Department of Radiology, Shanghai Chest Hospital, Shanghai Jiaotong University, Shanghai, China.
Department of Radiology, Zhongshan Hospital, Fudan University, Shanghai, China.
Br J Radiol. 2021 Feb 1;94(1118):20200089. doi: 10.1259/bjr.20200089. Epub 2020 Dec 22.
To investigate the effect of reducing pixel size on the consistency of radiomic features and the diagnostic performance of the downstream radiomic signatures for the invasiveness for pulmonary ground-glass nodules (GGNs) on CTs.
We retrospectively collected the clinical data of 182 patients with GGNs on high resolution CT (HRCT). The CT images of different pixel sizes (0.8mm, 0.4mm, 0.18 mm) were obtained by reconstructing the single HRCT scan using three combinations of field of view and matrix size. For each pixel size setting, radiomic features were extracted for all GGNs and radiomic signatures for the invasiveness of GGNs were built through two modeling pipelines for comparison.
The study finally extracted 788 radiomic features. 87% radiomic features demonstrated inter pixel size variation. By either modeling pipeline, the radiomic signature under small pixel size performed significantly better than those under middle or large pixel sizes in predicting the invasiveness of GGNs ('s value <0.05 by Delong test). With the independent modeling pipeline, the three pixel size bounded radiomic signatures shared almost no common features.
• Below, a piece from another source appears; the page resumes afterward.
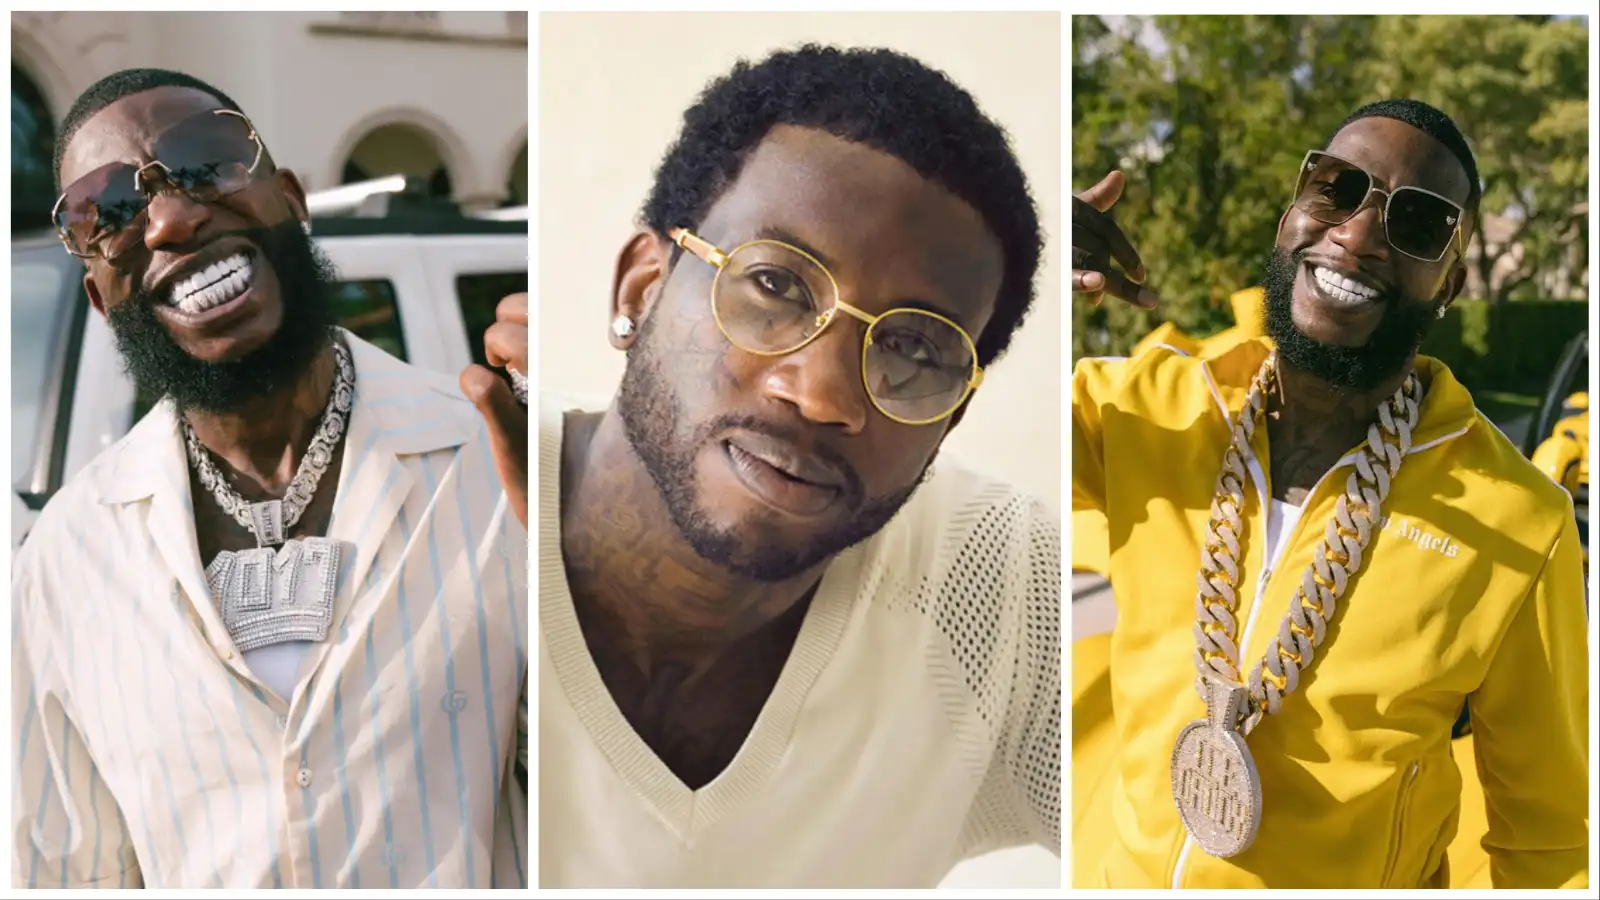 Gucci-Mane-Net-Worth-2023-Annual-Income-Age-Height-Family-House-Cars-etc.
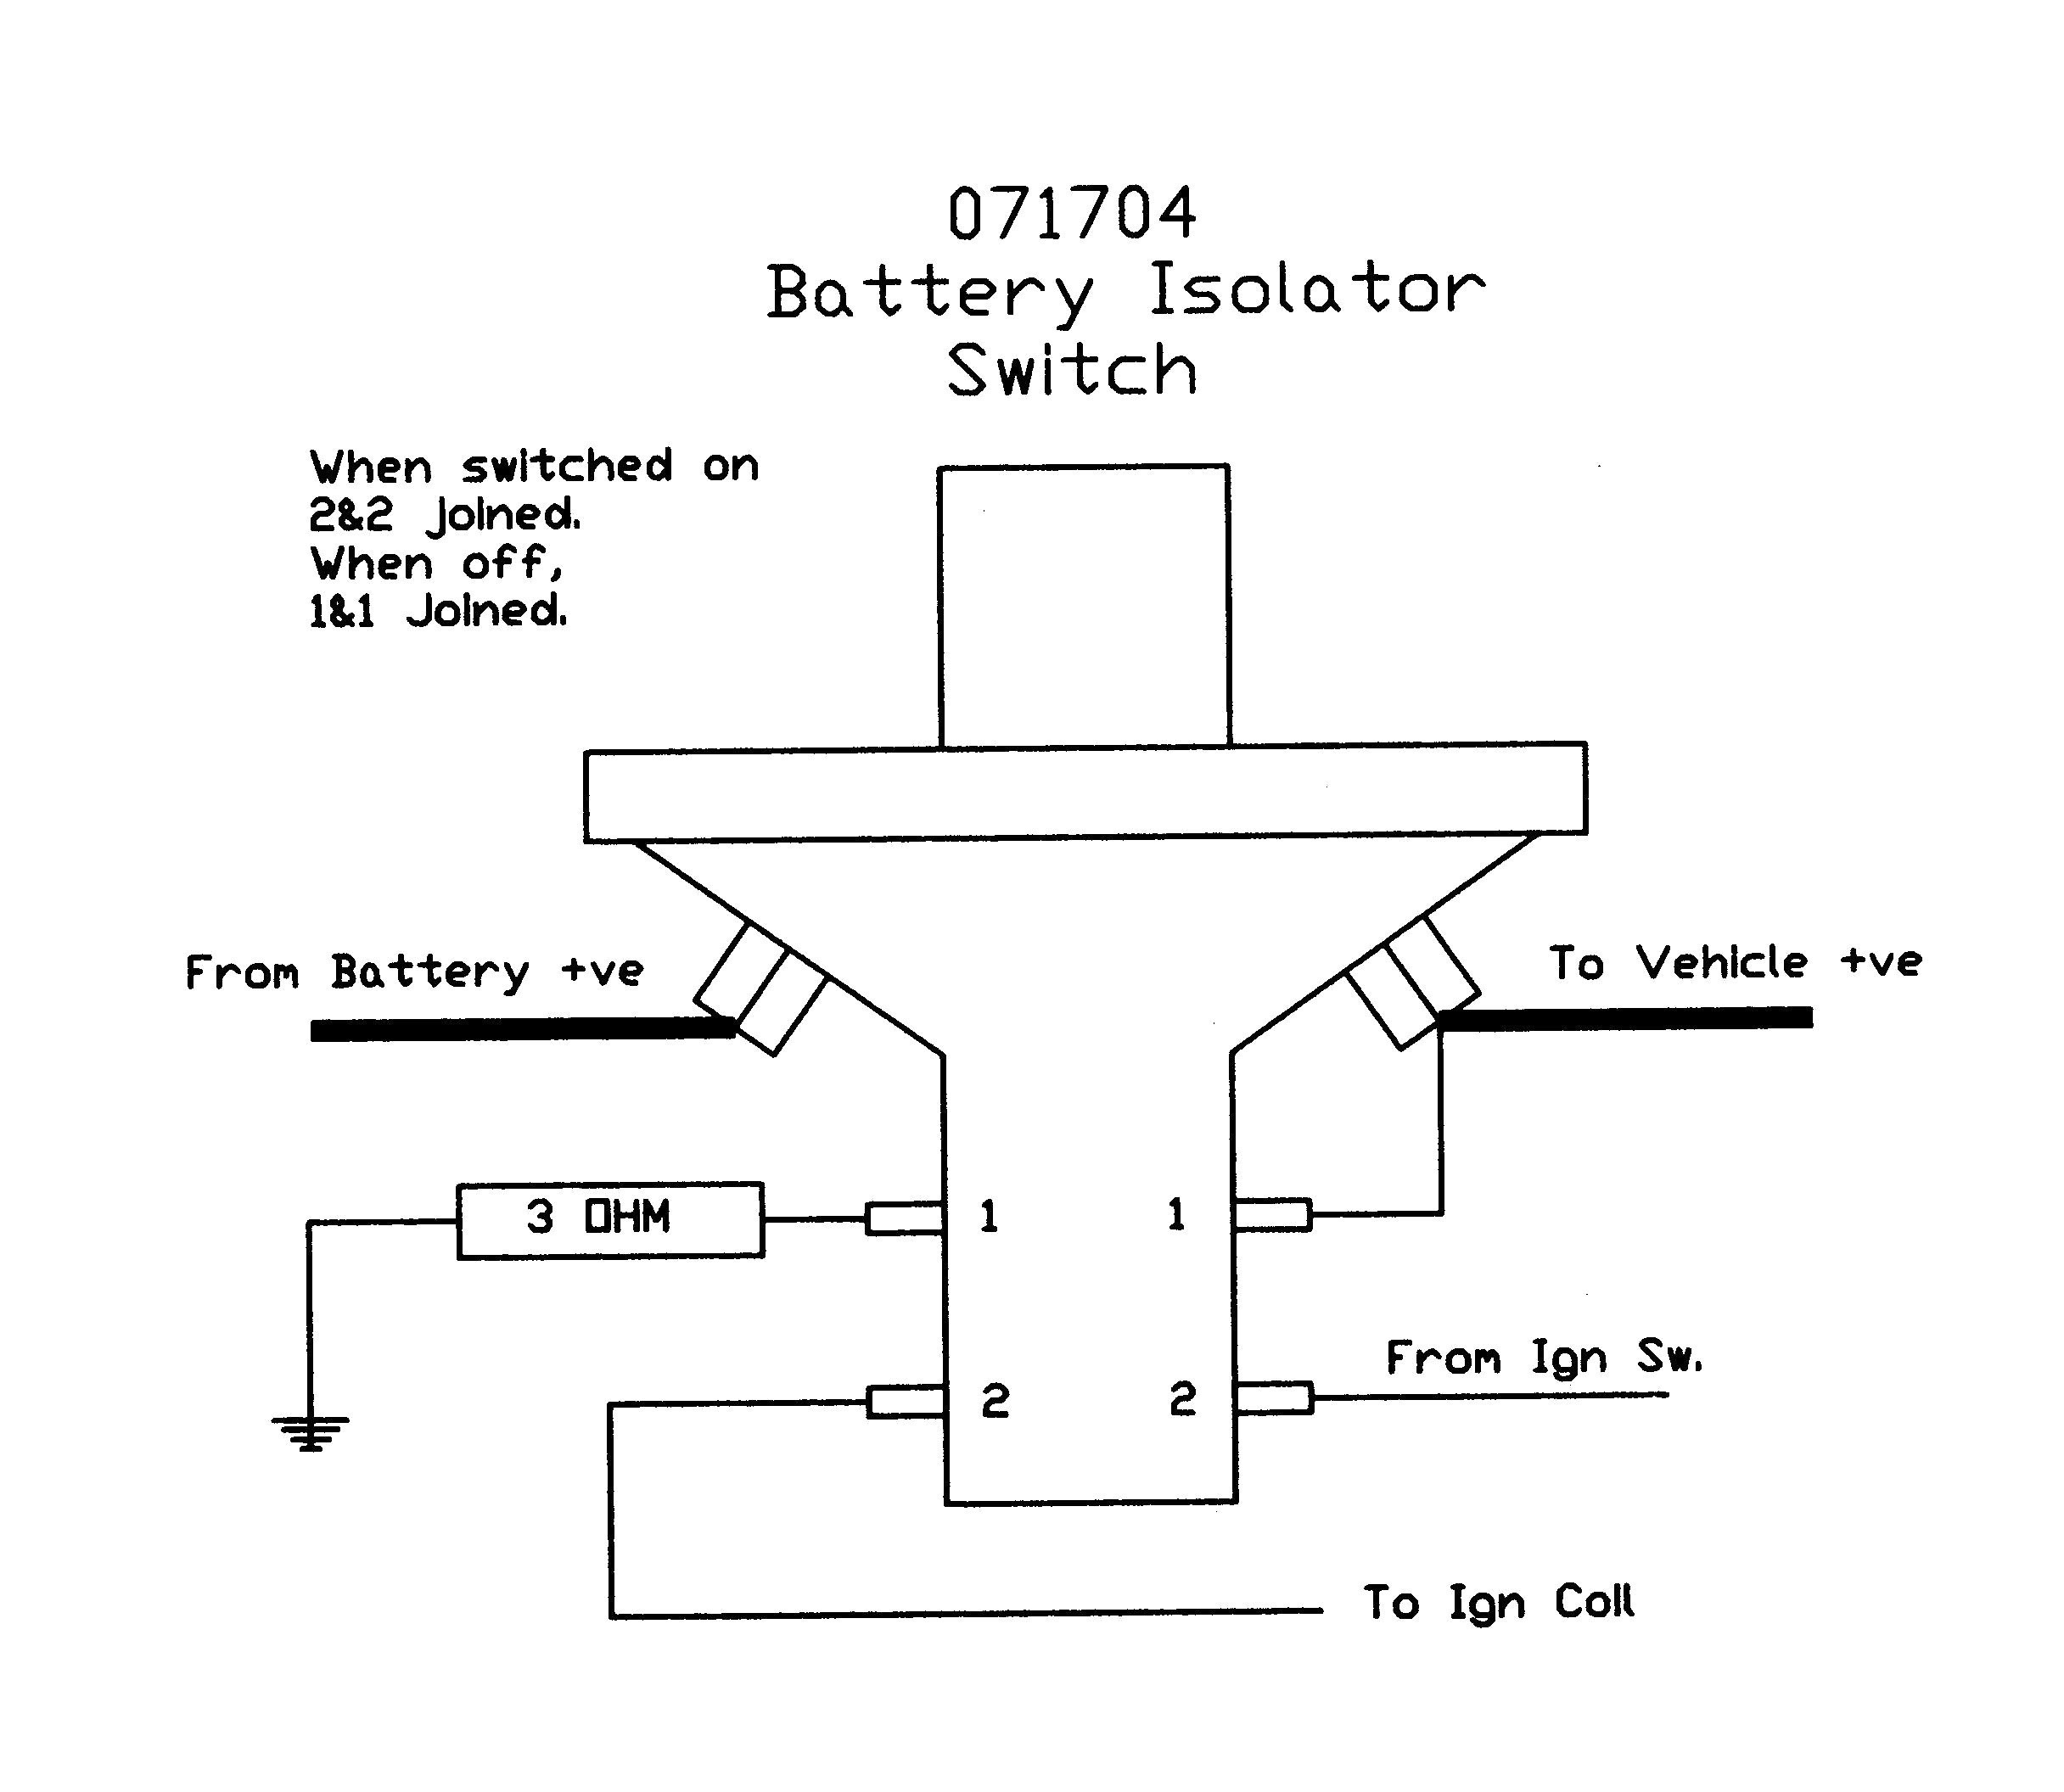 Rv Battery Disconnect Switch Wiring Diagram 3 Battery Boat Wiring Diagram Best Boat Battery Switch Wiring Of Rv Battery Disconnect Switch Wiring Diagram

Reducing pixel size could cause inconsistency in most radiomic features and improve the diagnostic performance of the downstream radiomic signatures. Particularly, super HRCTs with small pixel size resulted in more accurate radiomic signatures for the invasiveness of GGNs.
The dependence of radiomic features on pixel size will affect the performance of the downstream radiomic signatures. The future radiomic studies should consider this effect of pixel size.
探究降低像素尺寸对 CT 上肺磨玻璃结节(GGN)侵袭性的放射组学特征一致性和下游放射组学特征诊断性能的影响。
我们回顾性收集了 182 例高分辨率 CT(HRCT)上 GGN 的临床资料。通过三种视野和矩阵大小的组合,对单次 HRCT 扫描进行重建,获得不同像素尺寸(0.8mm、0.4mm、0.18mm)的 CT 图像。对于每个像素尺寸设置,从所有 GGN 中提取放射组学特征,并通过两种建模管道构建 GGN 侵袭性的放射组学特征进行比较。
本研究最终提取了 788 个放射组学特征。87%的放射组学特征表现出像素尺寸间的差异。通过两种建模管道,小像素尺寸下的放射组学特征在预测 GGN 的侵袭性方面均显著优于中或大像素尺寸下的特征(DeLong 检验's 值<0.05)。通过独立建模管道,三种像素尺寸限定的放射组学特征几乎没有共享的特征。
降低像素尺寸会导致大多数放射组学特征不一致,并提高下游放射组学特征的诊断性能。特别是,小像素尺寸的超高分辨率 CT 可获得更准确的 GGN 侵袭性放射组学特征。
放射组学特征对像素尺寸的依赖性会影响下游放射组学特征的性能。未来的放射组学研究应考虑像素尺寸的这种影响。